SELECT $partition.TwoYearDateRangePFN(o.OrderDate)

AS [Partition Number]

, min(o.OrderDate) AS [Min Order Date]

, max(o.OrderDate) AS [Max Order Date]

, count(*) AS [Rows In Partition]

FROM dbo.Orders AS o

GROUP BY $partition.TwoYearDateRangePFN(o.OrderDate)

ORDER BY [Partition Number]

SELECT $partition.TwoYearDateRangePFN(od.OrderDate)

AS [Partition Number]

, min(od.OrderDate) AS [Min Order Date]

, max(od.OrderDate) AS [Max Order Date]

, count(*) AS [Rows In Partition]

FROM dbo.OrderDetails AS od

GROUP BY $partition.TwoYearDateRangePFN(od.OrderDate)

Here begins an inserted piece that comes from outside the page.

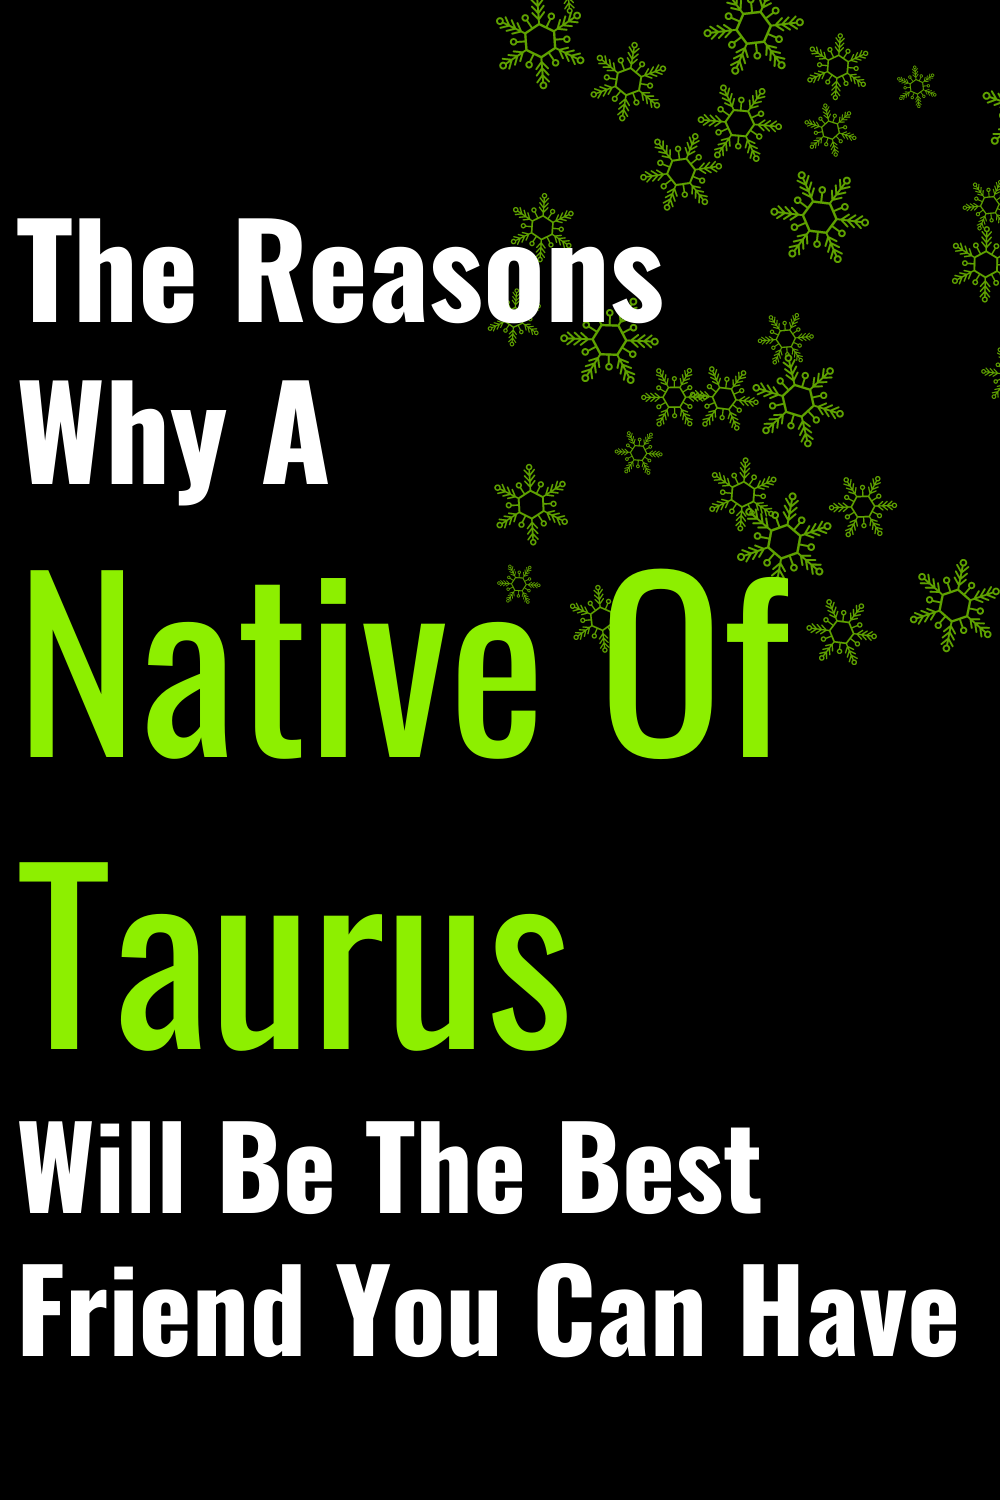 The Reasons Why A Native Of Taurus Will Be The Best Friend You Can Have

ORDER BY [Partition Number]

Finally, once the data has been populated you can build the clustered index and create the foreign key reference between OrderDetails and Orders. In this case, the clustered index will be defined on the Primary Key as you will also identify both of these tables by their partitioning key (and for OrderDetails you will add the LineNumber to the index for uniqueness). When created, the default behavior of indexes built on partitioned tables is to align the index with the partitioned table on the same scheme; the scheme does not need to be specified.

ALTER TABLE Orders

ADD CONSTRAINT OrdersPK

PRIMARY KEY CLUSTERED (OrderDate, OrderID)

ALTER TABLE dbo.OrderDetails

ADD CONSTRAINT OrderDetailsPK

PRIMARY KEY CLUSTERED (OrderDate, OrderID, LineNumber)

The complete syntax, specifying the partition scheme would be as follows:

ALTER TABLE Orders

ADD CONSTRAINT OrdersPK

PRIMARY KEY CLUSTERED (OrderDate, OrderID)

ON TwoYearDateRangePScheme(OrderDate)

ALTER TABLE dbo.OrderDetails

ADD CONSTRAINT OrderDetailsPK

PRIMARY KEY CLUSTERED (OrderDate, OrderID, LineNumber)

ON TwoYearDateRangePScheme(OrderDate)

Joining Partitioned Tables

When aligned tables are joined, SQL Server 2005 has the option to join the tables in one step or in multiple steps where the individual partitions are joined first and then the subsets are added together. Moreover, regardless of how the partitions are joined, SQL Server always evaluates whether or not some level of partition elimination is possible.

Partition Elimination

In the following query, data is queried from the Order and OrderDetails tables created in the previous scenario. The query is going to return information from the third quarter only. Typically, the third quarter includes slower months for order processing; however, in 2004 these months were some of the largest months for Orders. In this case, we want to see if there are any interesting trends related to Products, the quantities ordered and their order dates – but only for the third quarter. To ensure that aligned partitioned tables benefit from partition elimination when joined, you must be sure to state each table’s partitioning range. In this case, since the Orders table’s Primary Key is a composite key of both OrderDate and OrderID the join between these tables will show that OrderDate must be equal between the tables. The SARG (Search Argument) will be applied to both partitioned tables. The query to retrieve this data is:

SELECT o.OrderID, o.OrderDate, o.VendorID, od.ProductID, od.OrderQty

FROM dbo.Orders AS o

INNER JOIN dbo.OrderDetails AS od
ON o.OrderID = od.OrderID AND o.OrderDate = od.OrderDate

WHERE o.OrderDate >= '20040701'

AND o.OrderDate <= '20040930 11:59:59.997'

Shown in figure 14, there are some key elements for which to look when reviewing either the actual or the estimated showplan output. First (using SQL Server Management Studio), when hovering over either of the tables being accessed you will see either “Estimated Number of Executions” or “Number of Executions.” In this case, we are looking at one quarter – or three months – worth of data. Each month is in its own partition and therefore there are three executes in looking up this data – one for each table.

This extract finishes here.